Relationship with humans

Some New Guinea Highlands societies capture cassowary chicks and raise them as semi-tame poultry, for use in ceremonial gift exchanges and as food. They are the only indigenous Australasian animal known to have been partly domesticated by people prior to European arrival. The Maring people of Kundagai sacrificed cassowaries in certain rituals. The Kalam people considered themselves related to cassowaries and did not classify them as birds but as kin.

Attacks

Cassowaries have a reputation for being dangerous to people and domestic animals. During World War II American and Australian troops stationed in New Guinea were warned to steer clear of them. In his 1958 book, Living Birds of the World, ornithologist Ernest Thomas Gilliard wrote:
The inner or second of the three toes is fitted with a long, straight, murderous nail which can sever an arm or eviscerate an abdomen with ease. There are many records of natives being killed by this bird.

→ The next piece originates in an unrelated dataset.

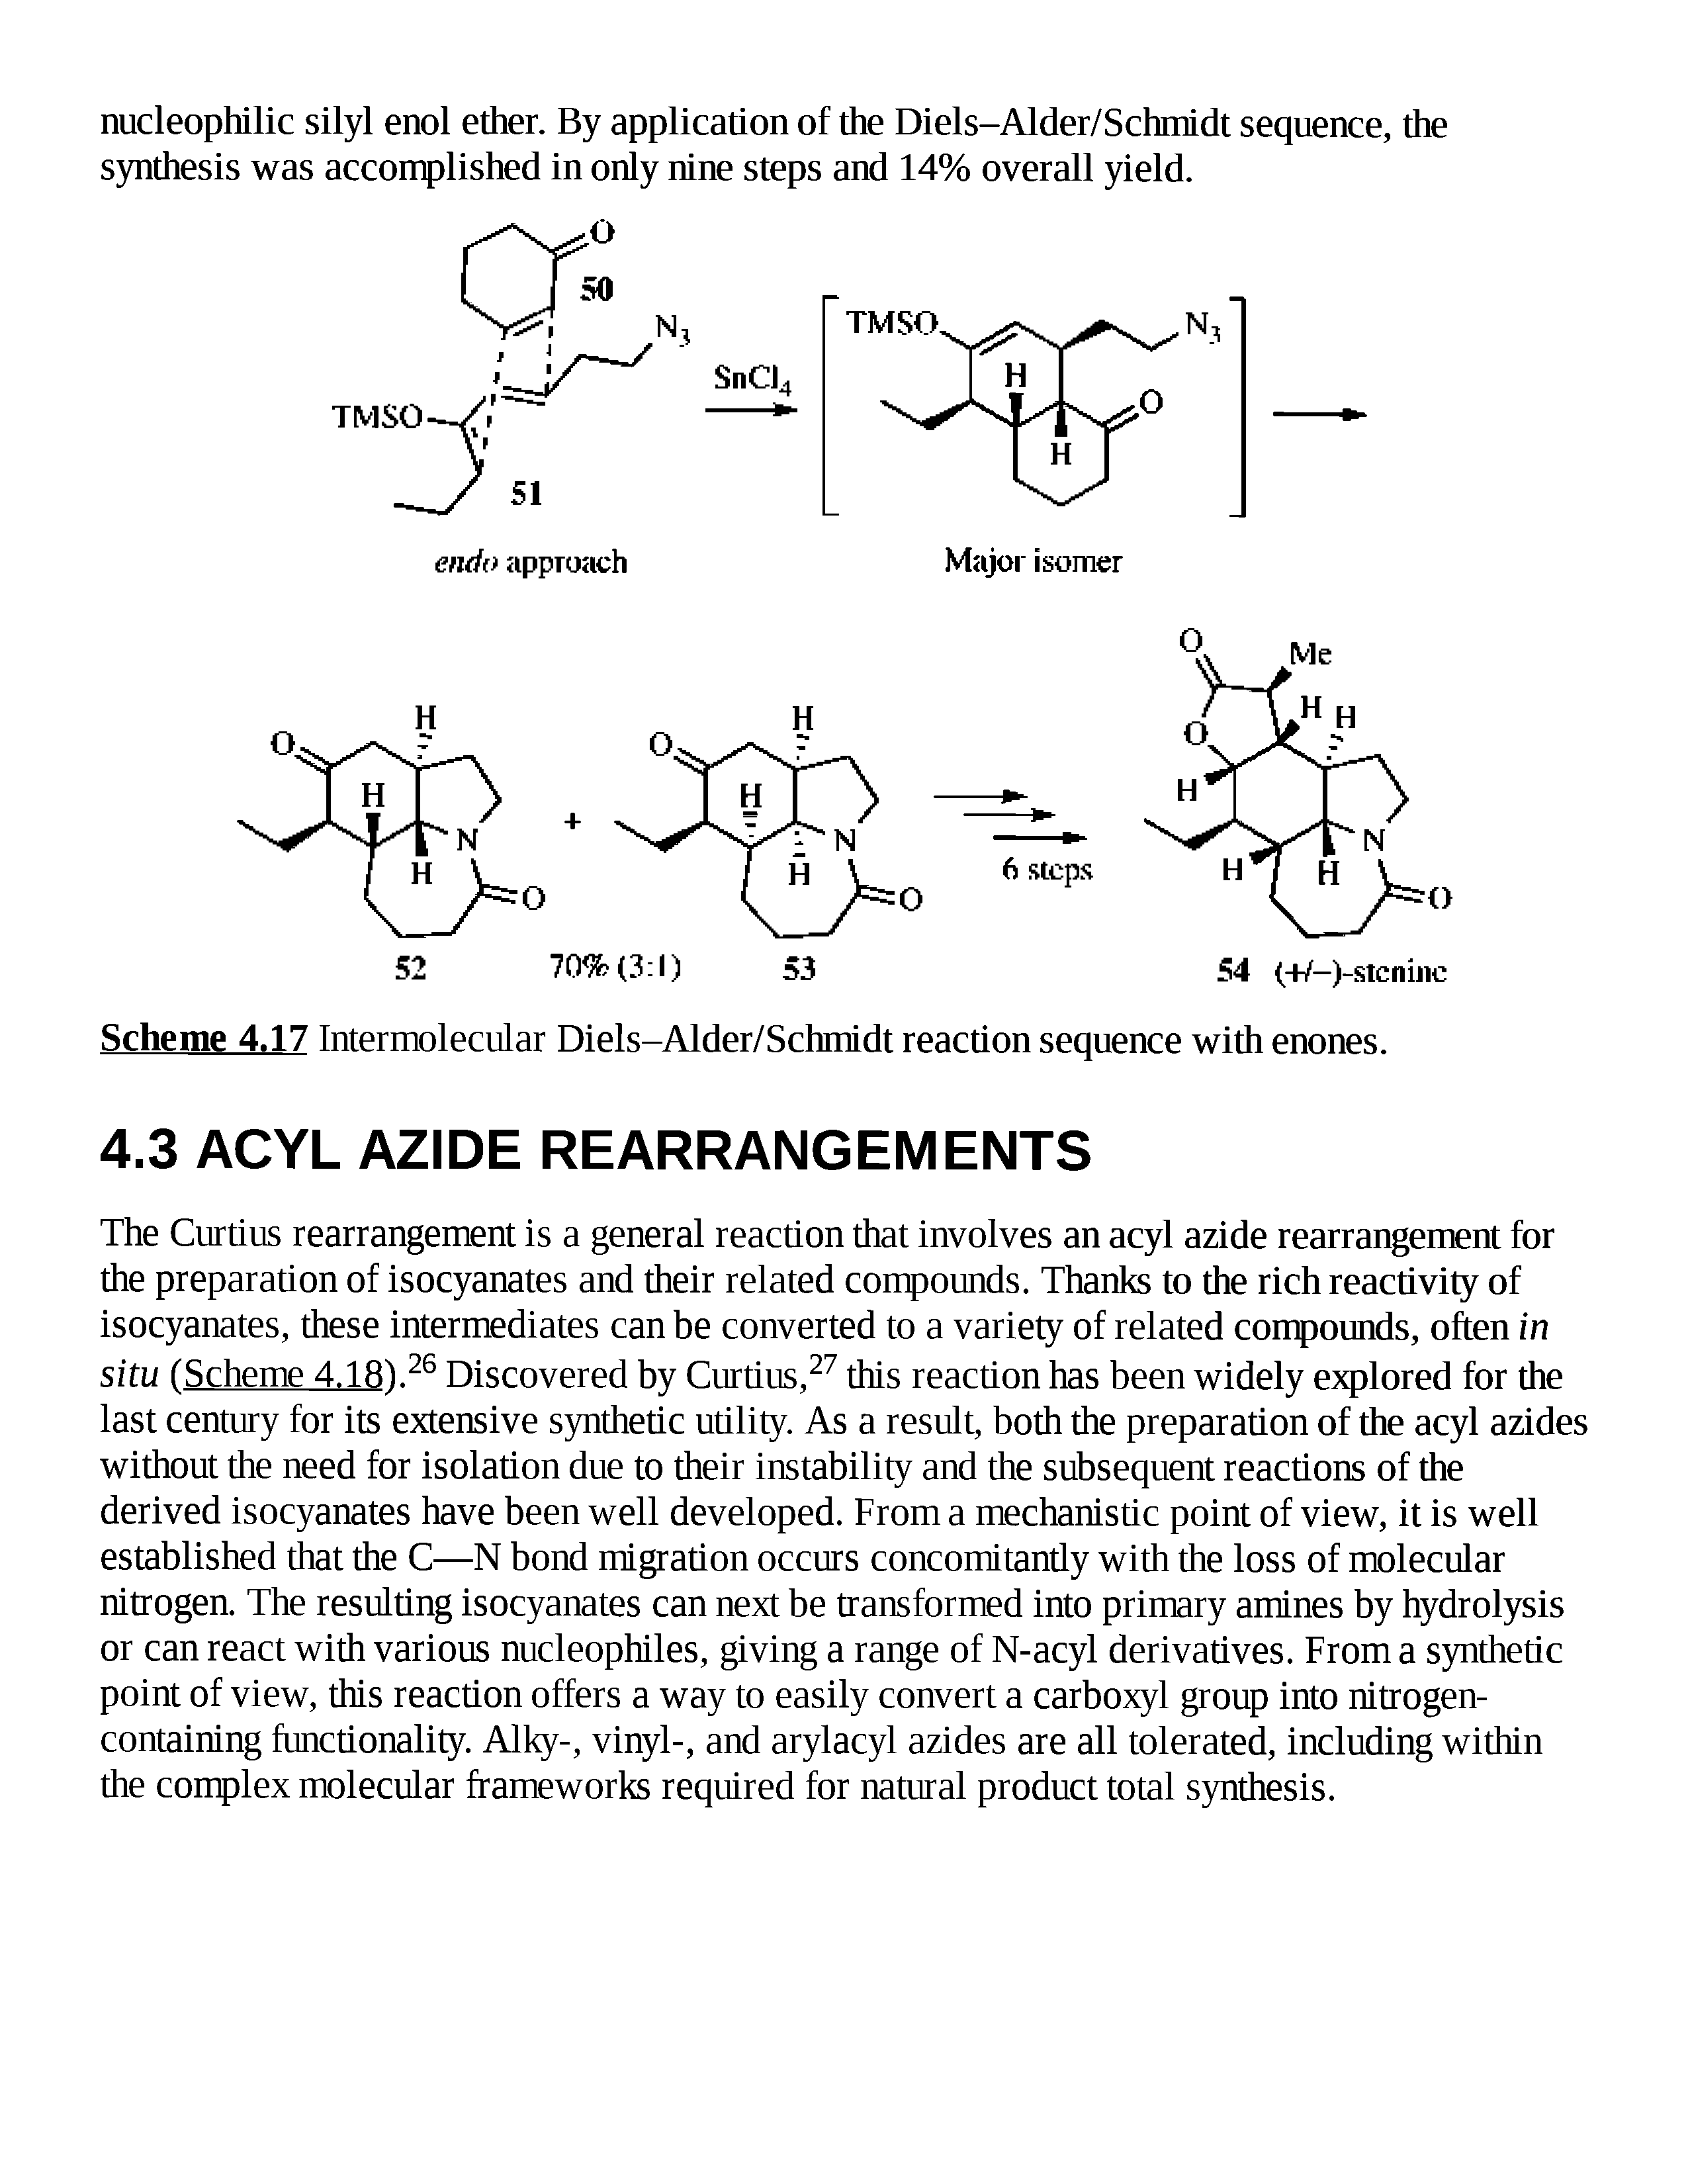 Scheme 4.17 Intermolecular Diels-Alder/Schmidt reaction sequence with enones.
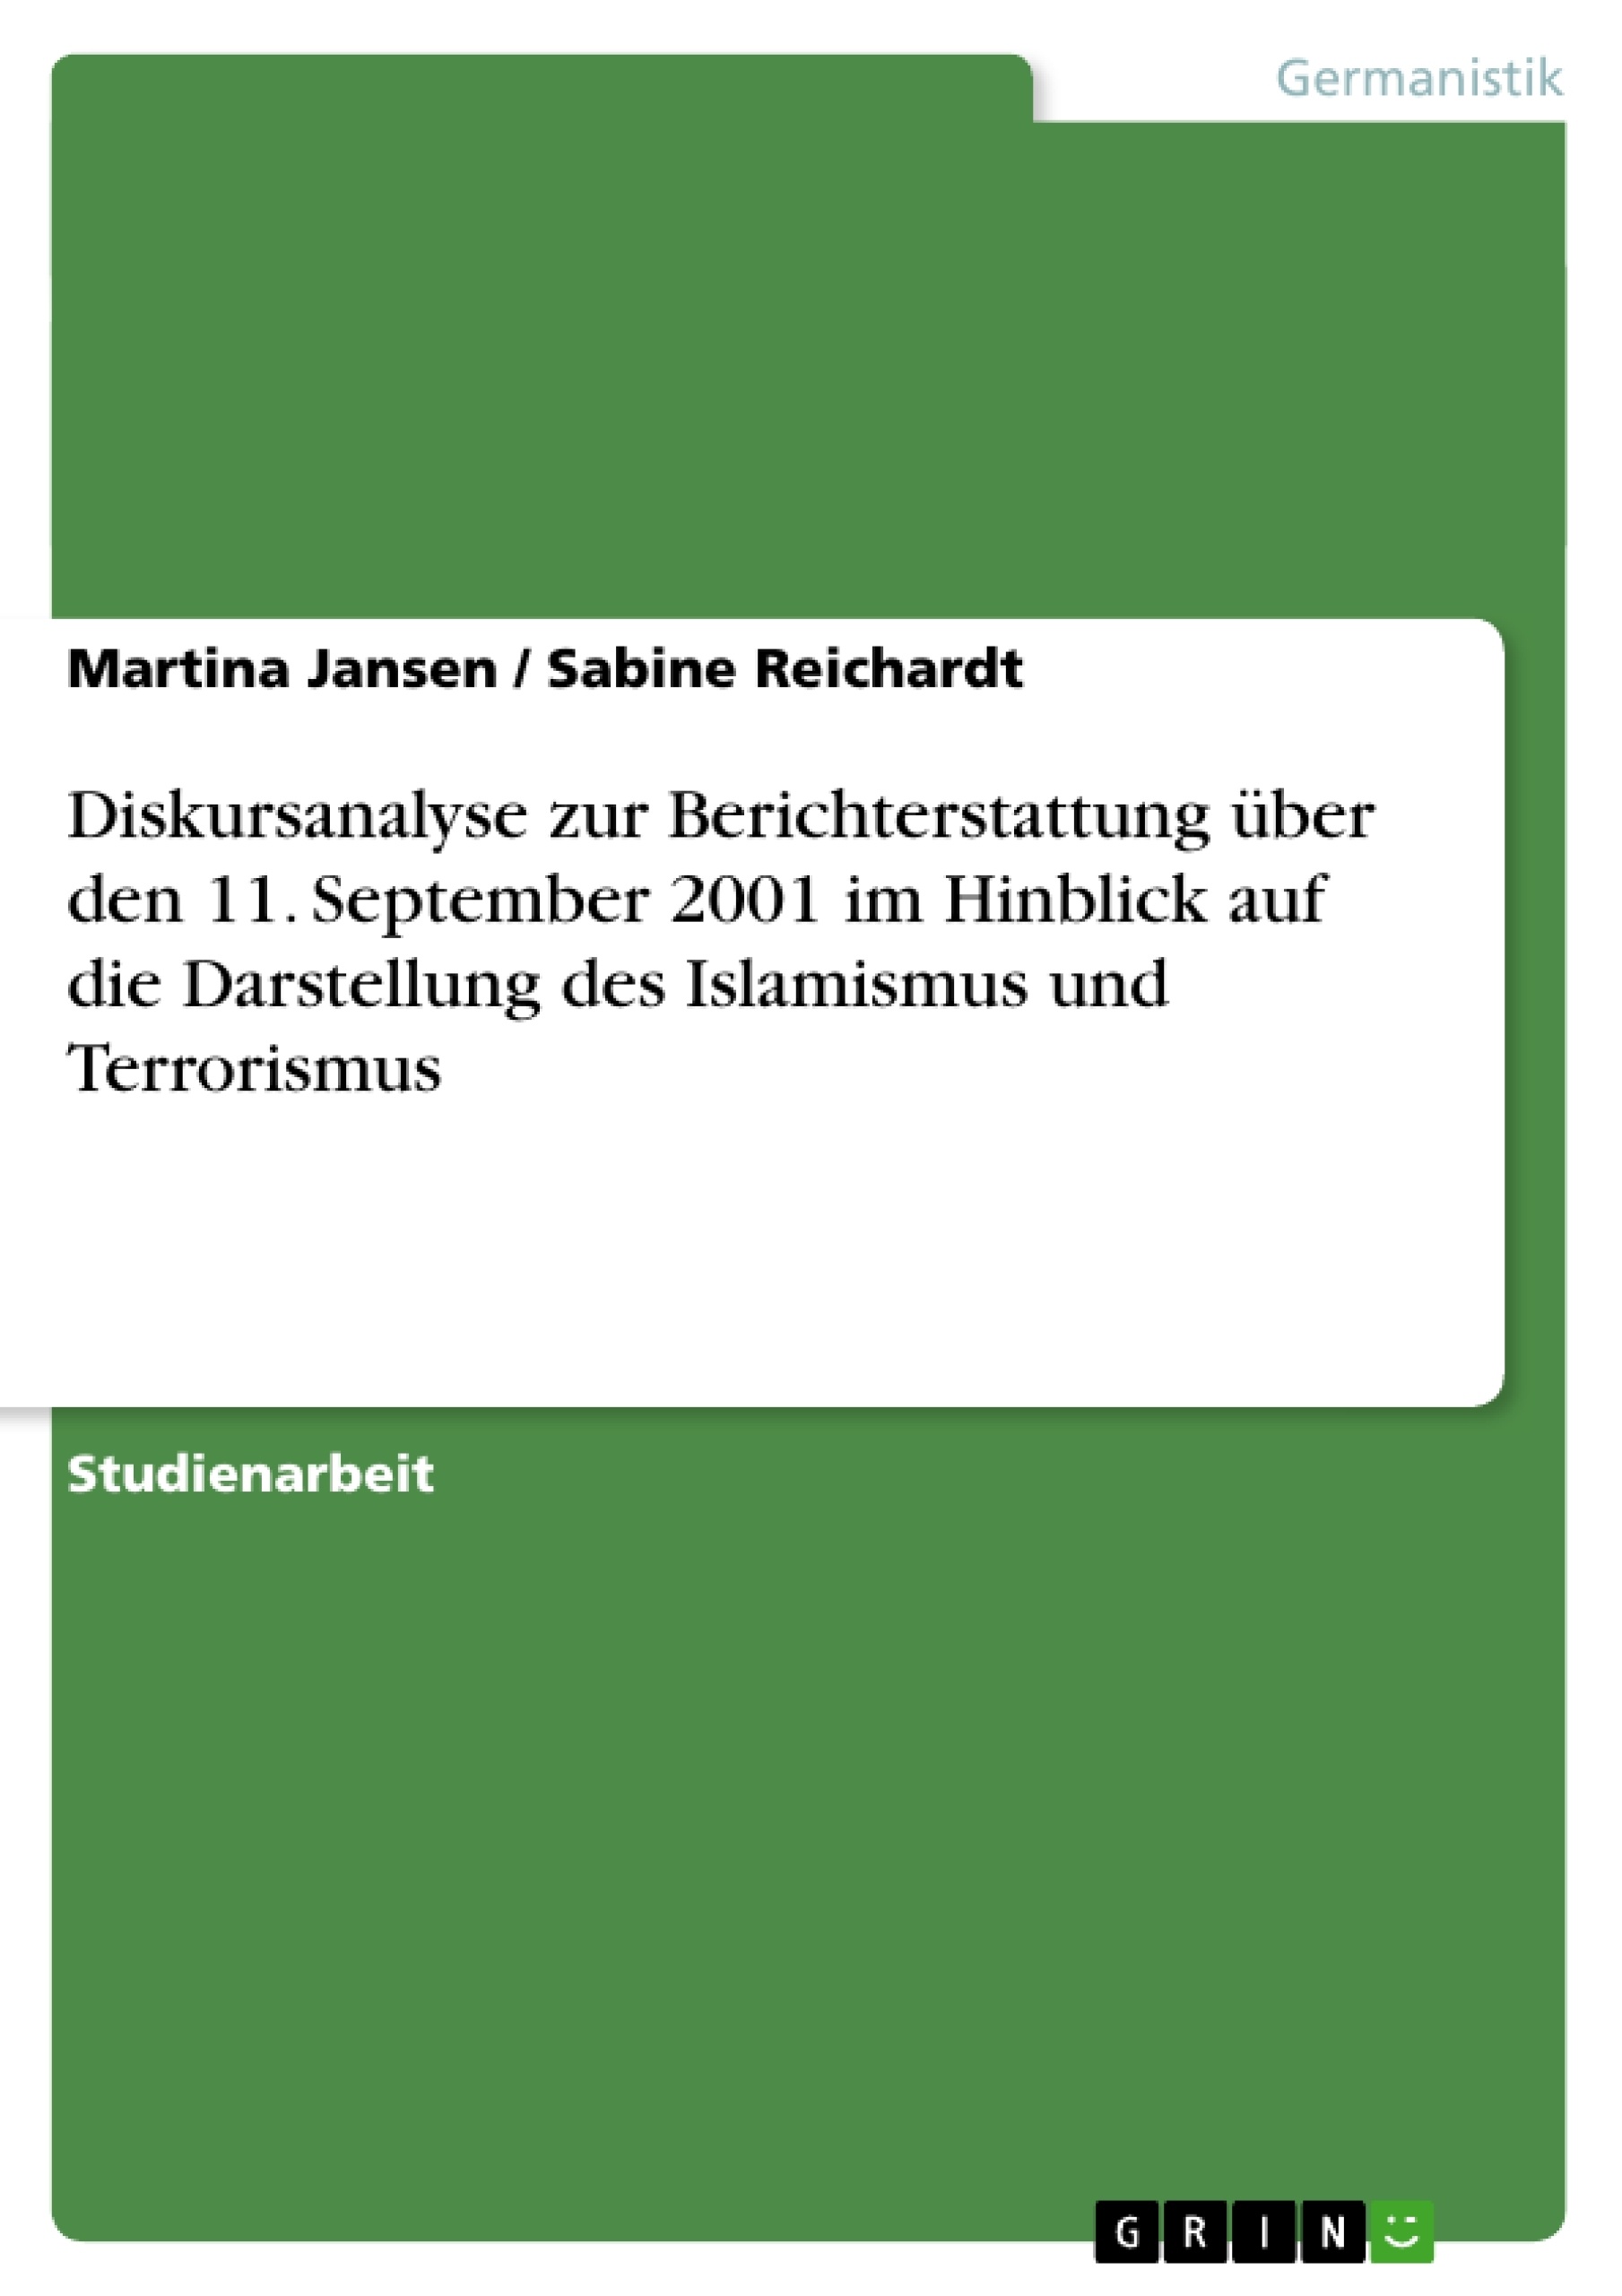 Title: Diskursanalyse zur Berichterstattung über den 11. September 2001 im Hinblick auf die Darstellung des Islamismus und Terrorismus

This assessment of the danger posed by cassowaries has been repeated in print by authors including Gregory S. Paul and Jared Diamond. A 2003 historical study of 221 cassowary attacks showed that 150 had been against humans: 75% of these had been from cassowaries that had been fed by people, 71% of the time the bird had chased or charged the victim, 15% of the time they kicked. Of the attacks, 73% involved the birds expecting or snatching food, 5% involved defending their natural food sources, 15% involved defending themselves from attack, and 7% involved defending their chicks or eggs. Only one human death was reported among those 150 attacks.
The first documented human death caused by a cassowary was on April 6, 1926. In Australia, 16-year-old Phillip McClean and his brother, age 13, came across a cassowary on their property and decided to try and kill it by striking it with clubs. The bird kicked the younger boy, who fell and ran away as his older brother struck the bird. The older McClean then tripped and fell to the ground. While he was on the ground, the cassowary kicked him in the neck, opening a wound that may have severed his jugular vein. The boy died of his injuries shortly thereafter.
Cassowary strikes to the abdomen are among the rarest of all, but there is one case of a dog that was kicked in the belly in 1995. The blow left no puncture, but there was severe bruising. The dog later died from an apparent intestinal rupture.
Another human death due to a cassowary was recorded in Florida on April 12, 2019. The bird's owner, a 75-year-old man who had raised the animal, was apparently clawed to death after he fell to the ground.